<<<<

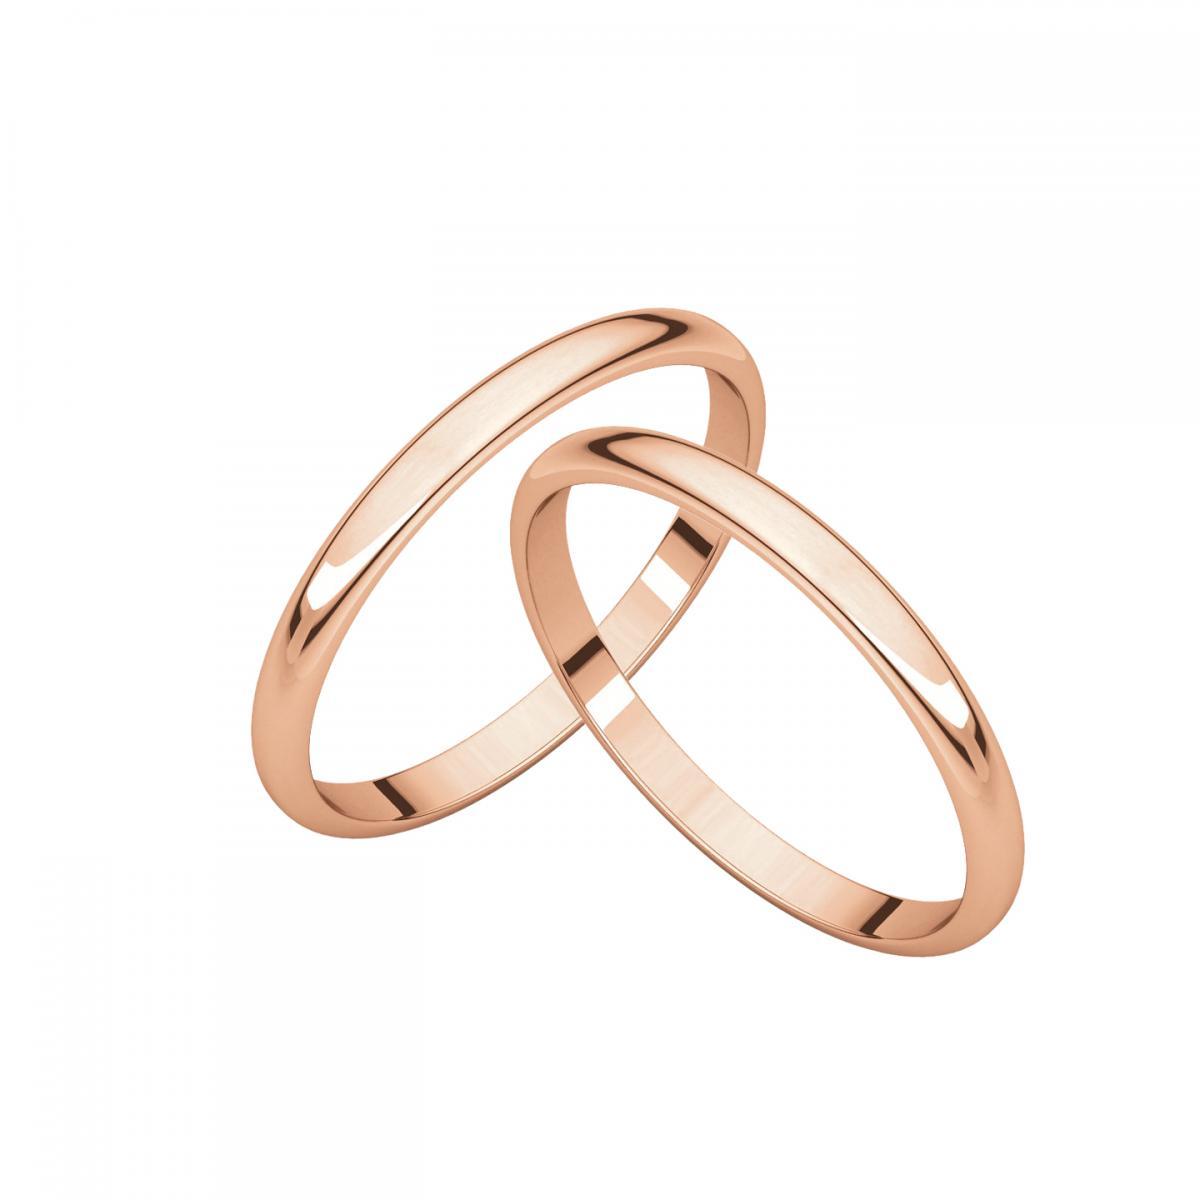 3 mẫu nhẫn cưới vàng 18k trơn được ưa chuộng hiện nay
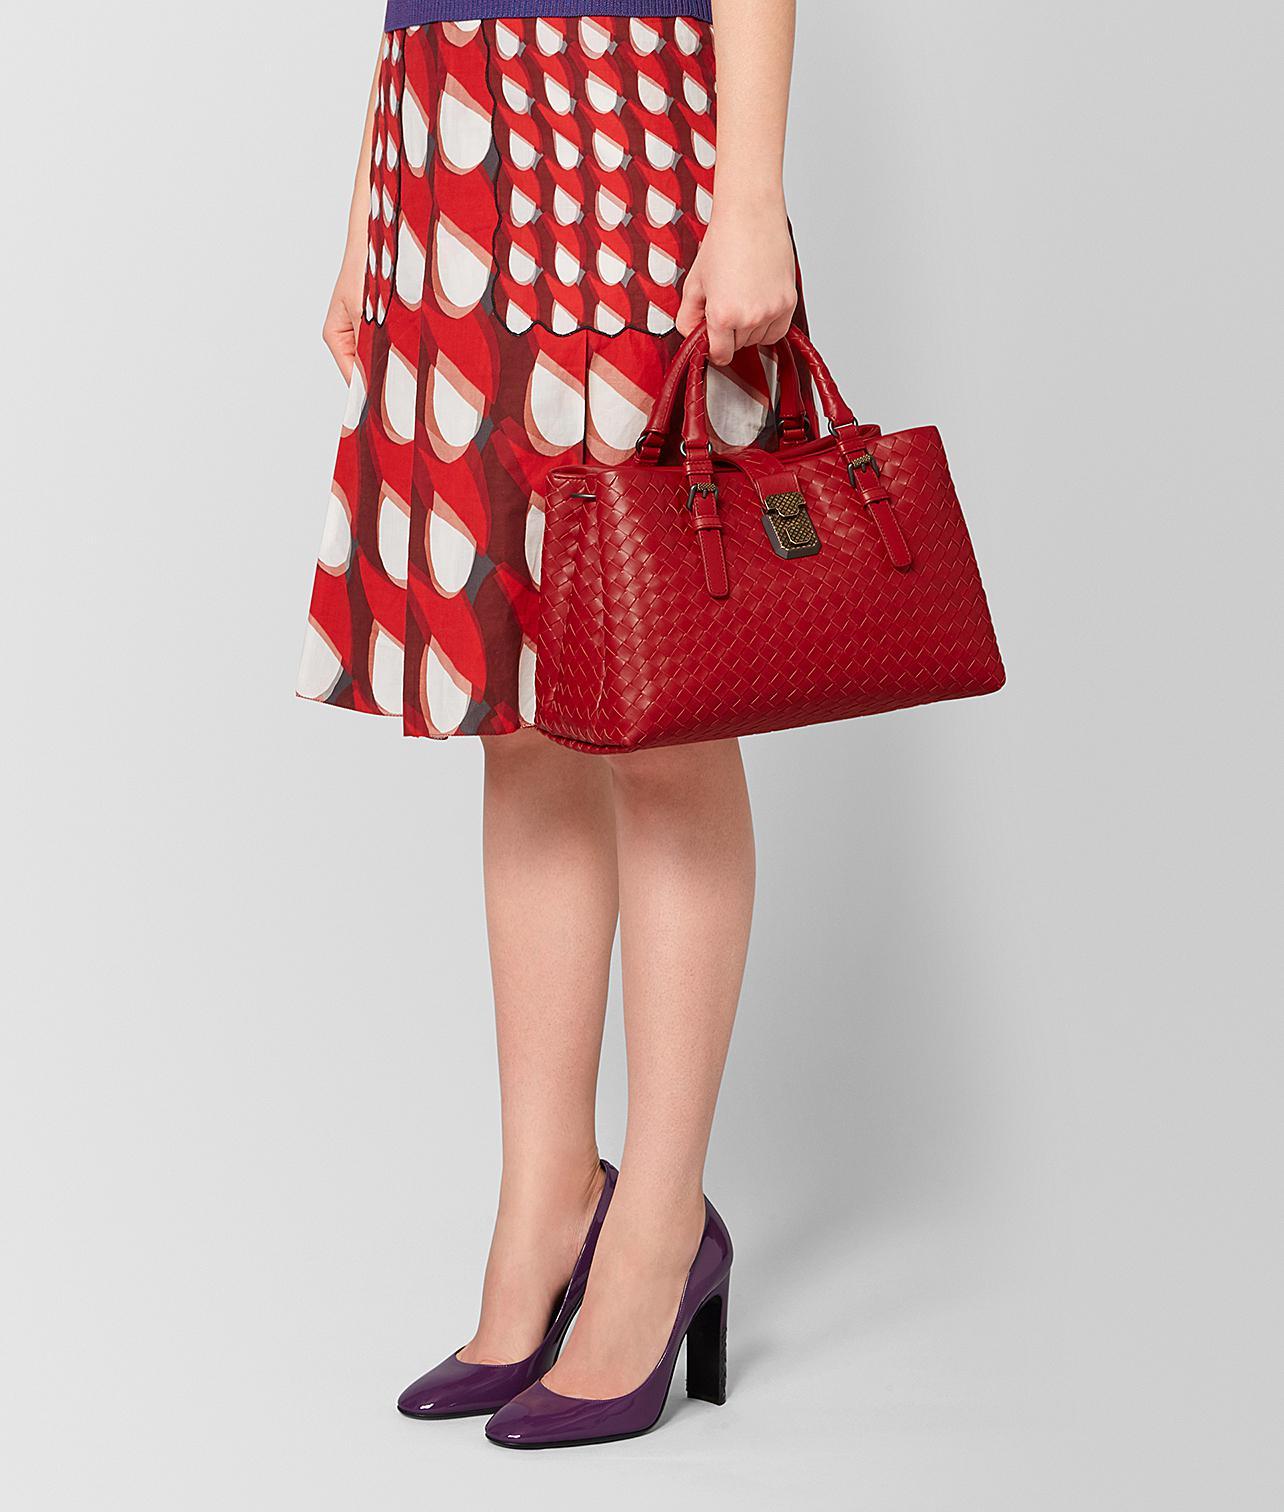 a9f73004829c Bottega Veneta - Red Nero Intrecciato Calf Small Roma Bag - Lyst. View  fullscreen
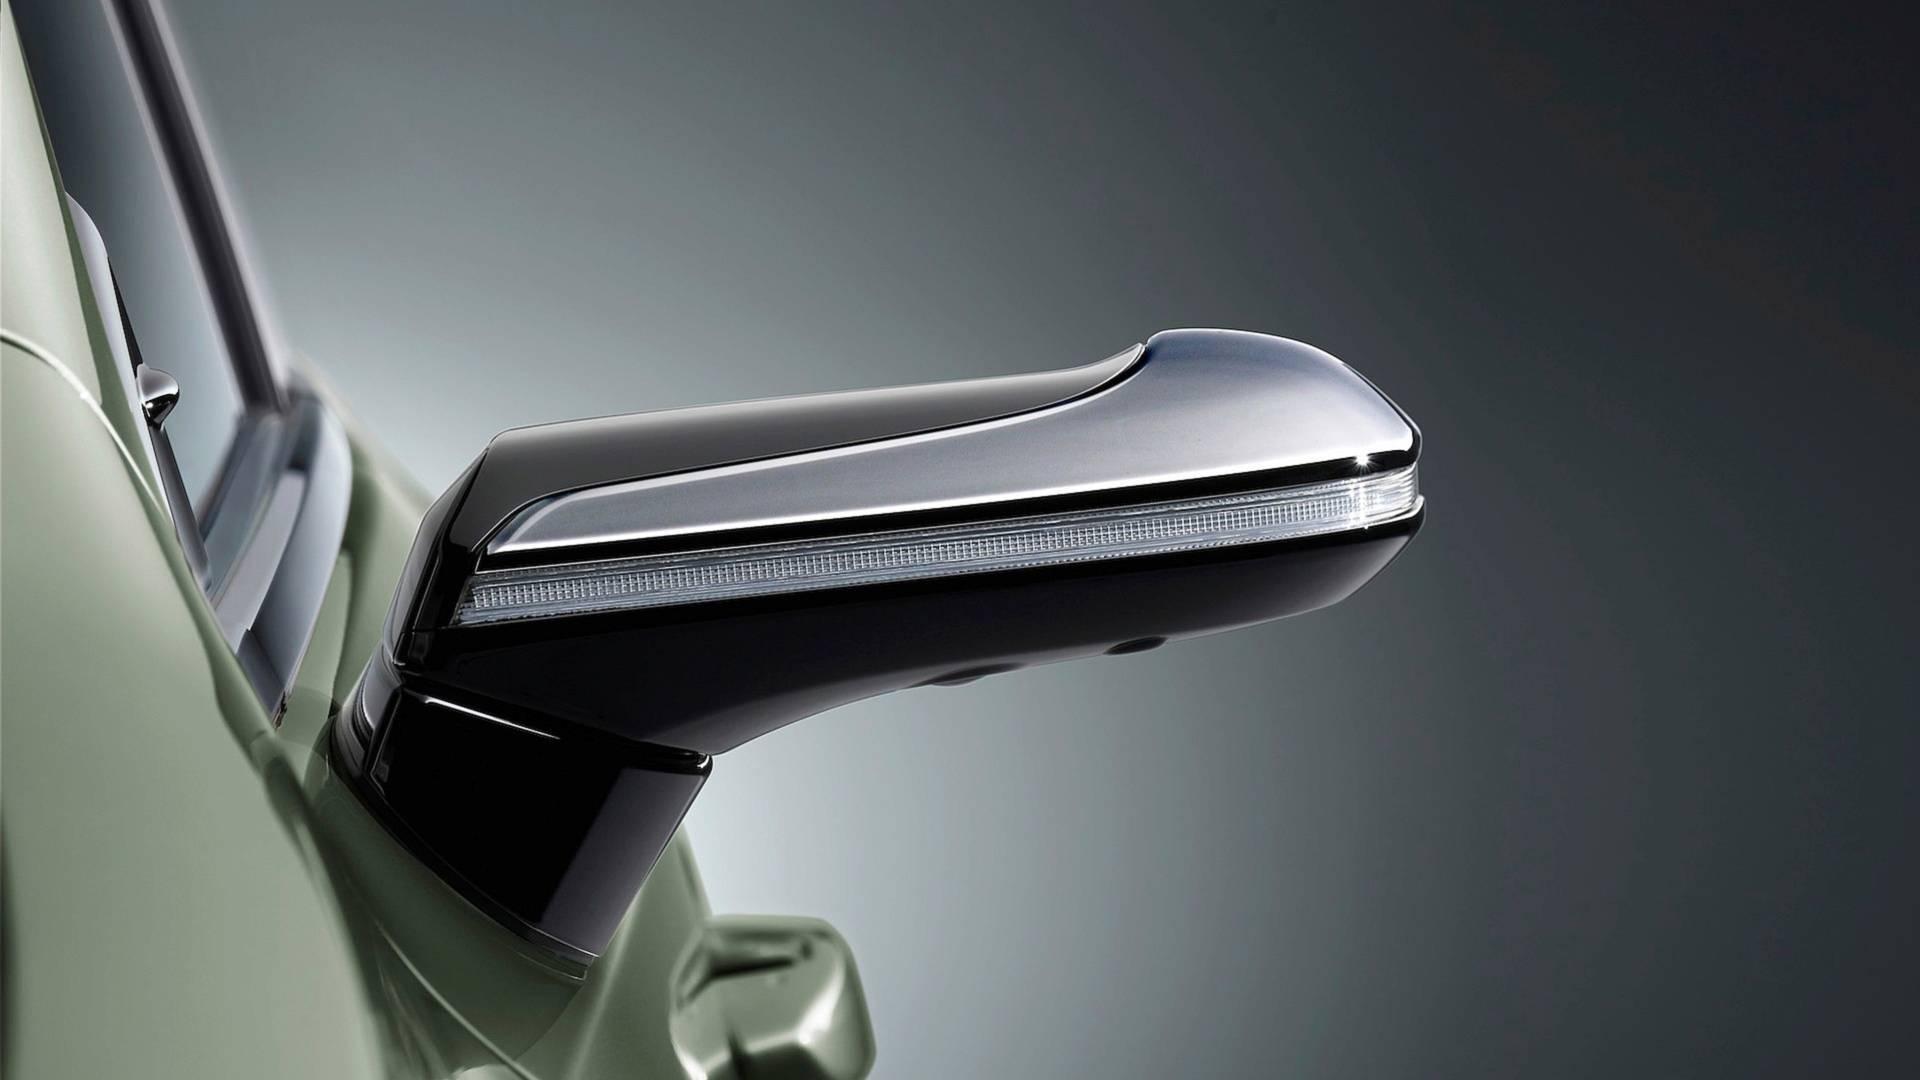 دوربینها جایگزین آینههای جانبی در لکسوس (+عکس) - 7
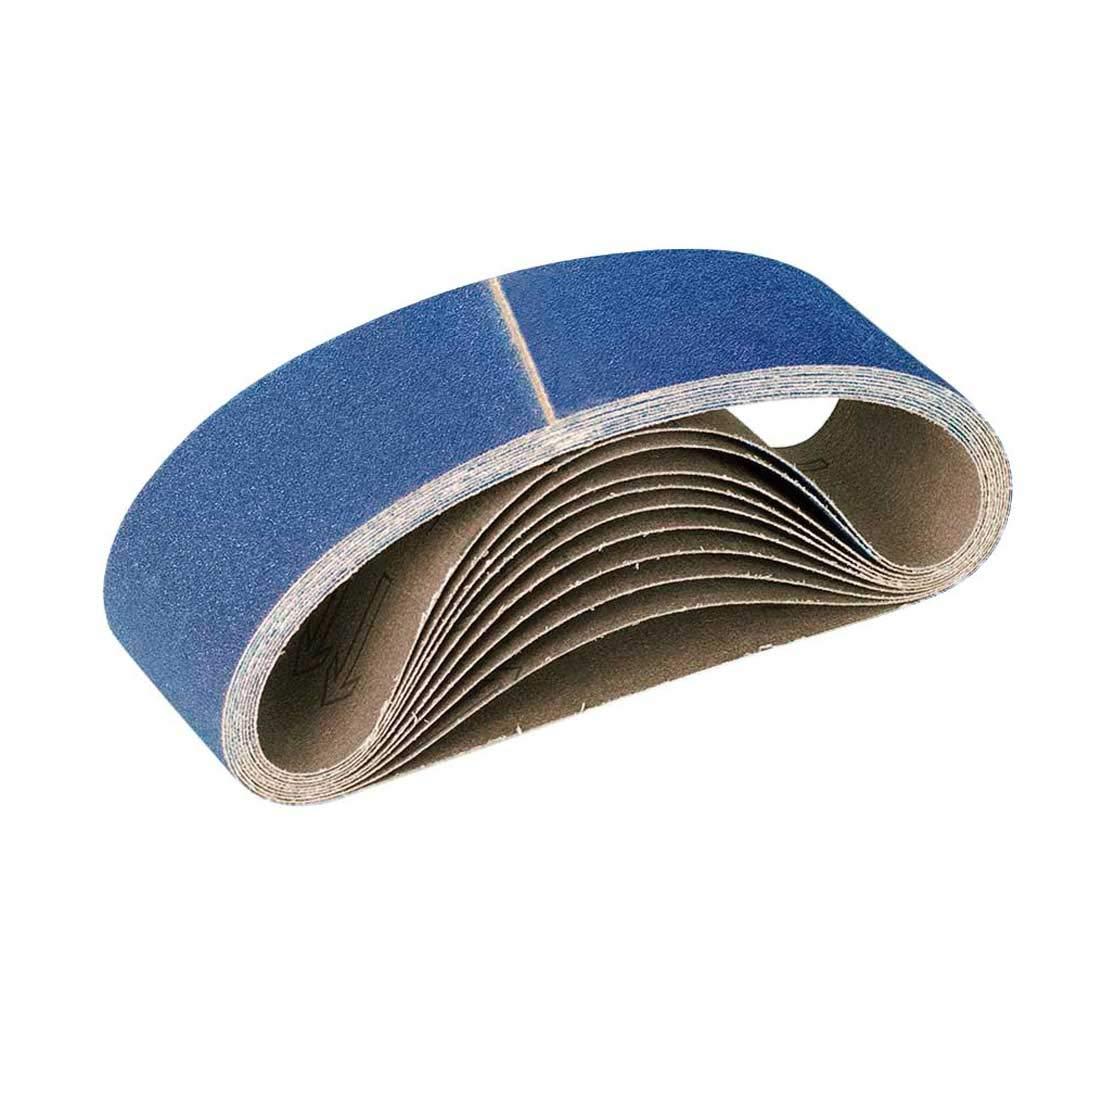 10 MioTools Sanding Belts for Hand Belt Sanders 303 x 40 mm Grit 80

>>>>

The copy runs from the line containing "a9f73004829c Bottega Veneta" through the last line of the material, both ends included. Reproduce those lines exactly and drop the pictures.

 a9f73004829c Bottega Veneta - Red Nero Intrecciato Calf Small Roma Bag - Lyst. View  fullscreen
 دوربینها جایگزین آینههای جانبی در لکسوس (+عکس) - 7
 10 MioTools Sanding Belts for Hand Belt Sanders 303 x 40 mm Grit 80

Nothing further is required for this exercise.